Descript lets you edit podcast and audio recordings by editing the text transcript. Studio Sound cleans any audio in one click. Filler word removal eliminates every 'um' automatically. Overdub corrects recording mistakes by typing. The most efficient podcast editing workflow available. From $16/month.
Descript is covered in the AI for Video section as a full video and podcast editor. This guide focuses on its audio-specific capabilities: Studio Sound (AI audio cleanup), filler word removal, multi-track podcast editing, overdub voice cloning, and transcript-based audio editing — for podcasters and audio producers who may not be producing video content.
The core workflow is identical to video editing in Descript: you upload your audio recording, it transcribes automatically, and you edit by editing the text. Delete a sentence from the transcript and that audio is removed. Reorder paragraphs and the audio reorders. For interview-based podcasts and spoken-word audio content, this is dramatically faster than traditional waveform editing.

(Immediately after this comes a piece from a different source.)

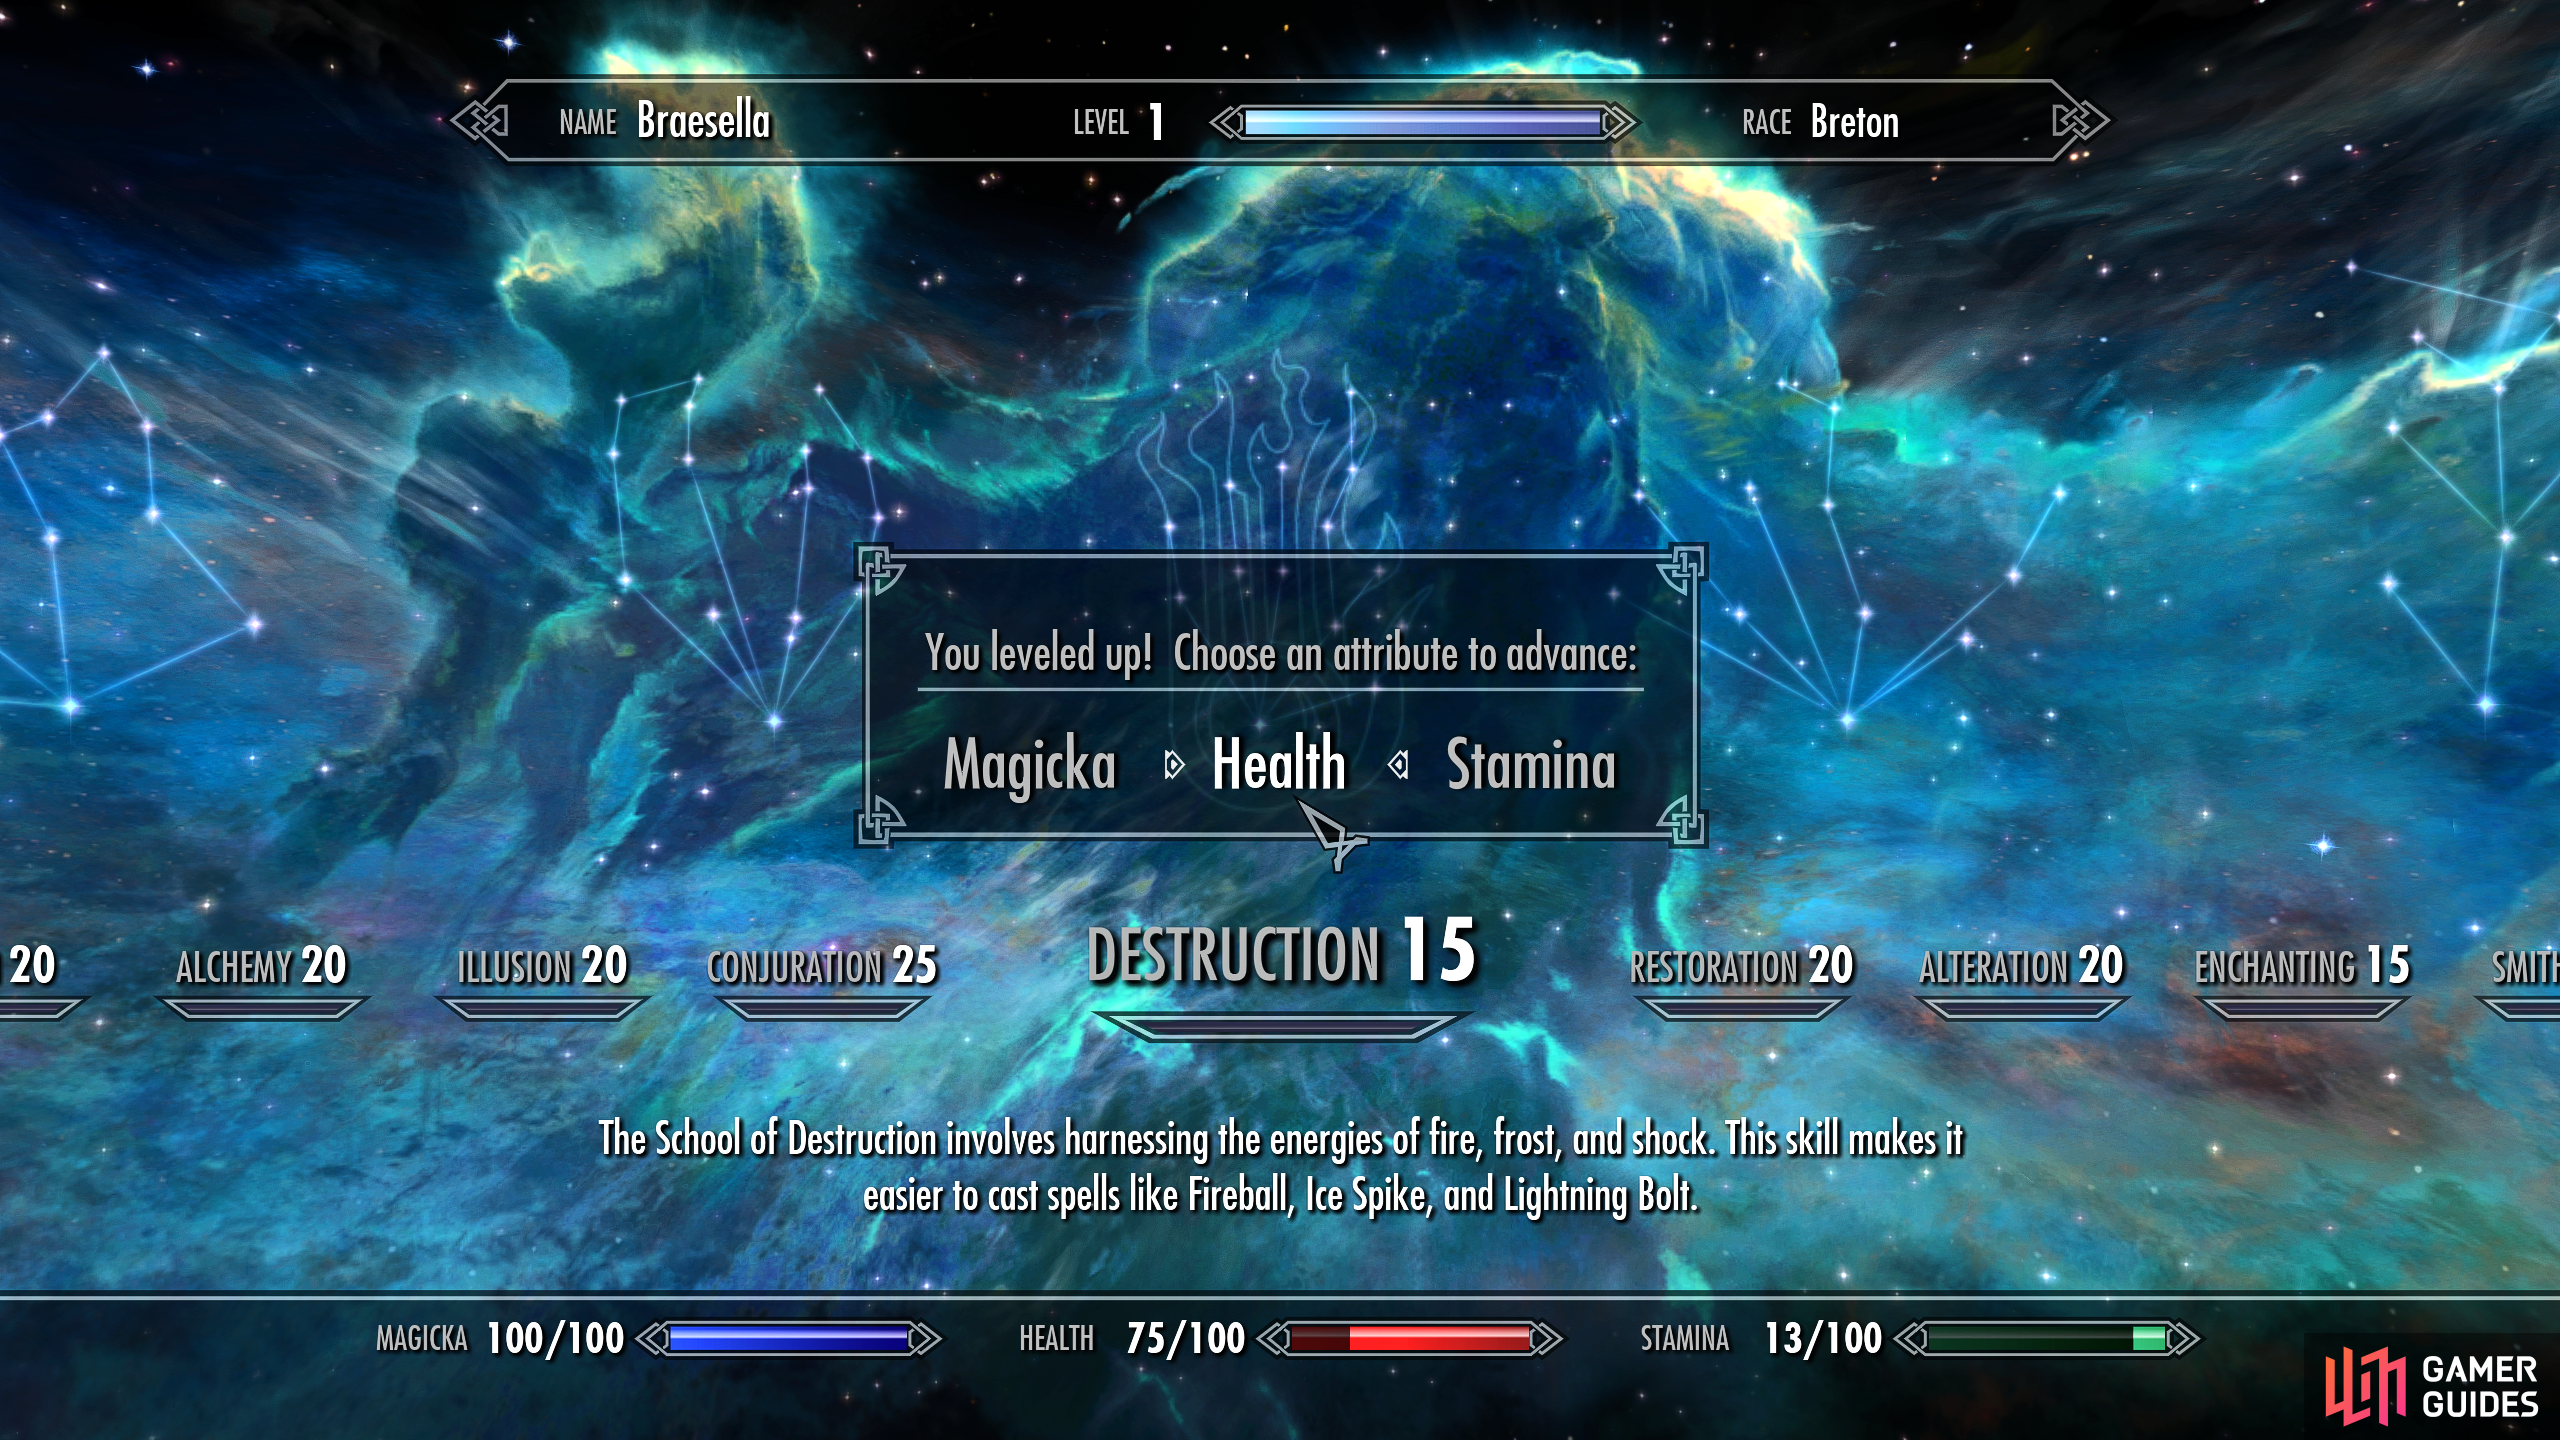 You can distribute attribute points between Magicka, Health, and Stamina each time you level up.

Studio Sound — One click removes background noise, echo, room reverb and improves voice quality from any recording. Turns a recording made on a laptop microphone in a noisy room into something approaching studio quality. Descript's Studio Sound is rated by independent reviewers as particularly effective for non-native English speakers and heavy accents — better than Adobe Podcast Enhance in these cases.
Filler word removal — Detects and removes every "um", "uh", "like", "you know" and long pause from your recording in one click. For a 60-minute podcast interview, this step alone saves 30–45 minutes of manual editing.

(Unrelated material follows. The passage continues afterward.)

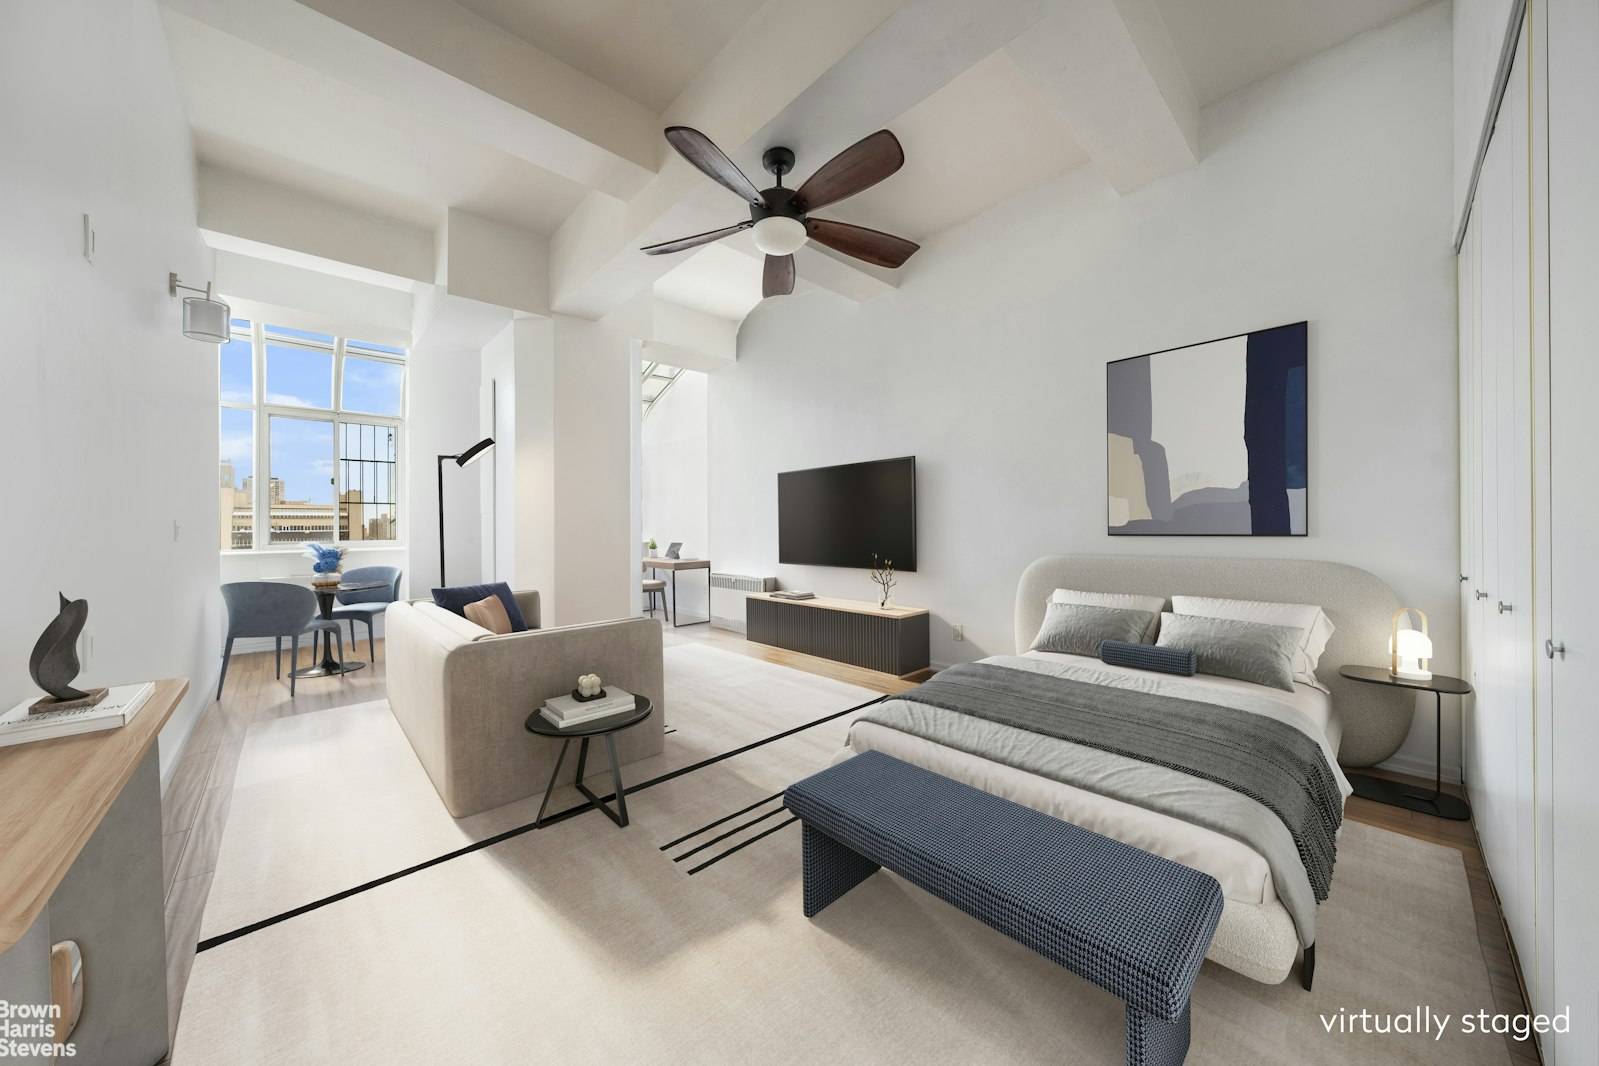 Welcome home to the pinnacle of luxury living in the heart of Turtle Bay, offering an exquisite blend of classic charm and modern flair at 310 East 46th Street, Unit ...

Multi-track editing — Import separate audio tracks for host and guest (recommended for quality podcasting). Descript shows both transcripts simultaneously. Edit across both tracks by editing the combined transcript. Speaker labels assigned automatically.
Overdub — Train Descript on 10 minutes of your voice. Correct any mispronounced word, change a sentence, or fix a mistake by typing the corrected text. Descript generates your voice saying it and inserts it seamlessly. No re-recording needed for small corrections.
Transcript-based editing — The same text-editing workflow that makes Descript powerful for video applies fully to audio-only projects. Edit the words, the audio follows. Rearrange, cut, restructure — all from the transcript view.
Podcasters producing interview-format or conversation-based shows. Anyone editing recorded interviews, meetings, webinar audio, or lectures for distribution. Content producers who need transcripts alongside their audio for show notes, accessibility or repurposing.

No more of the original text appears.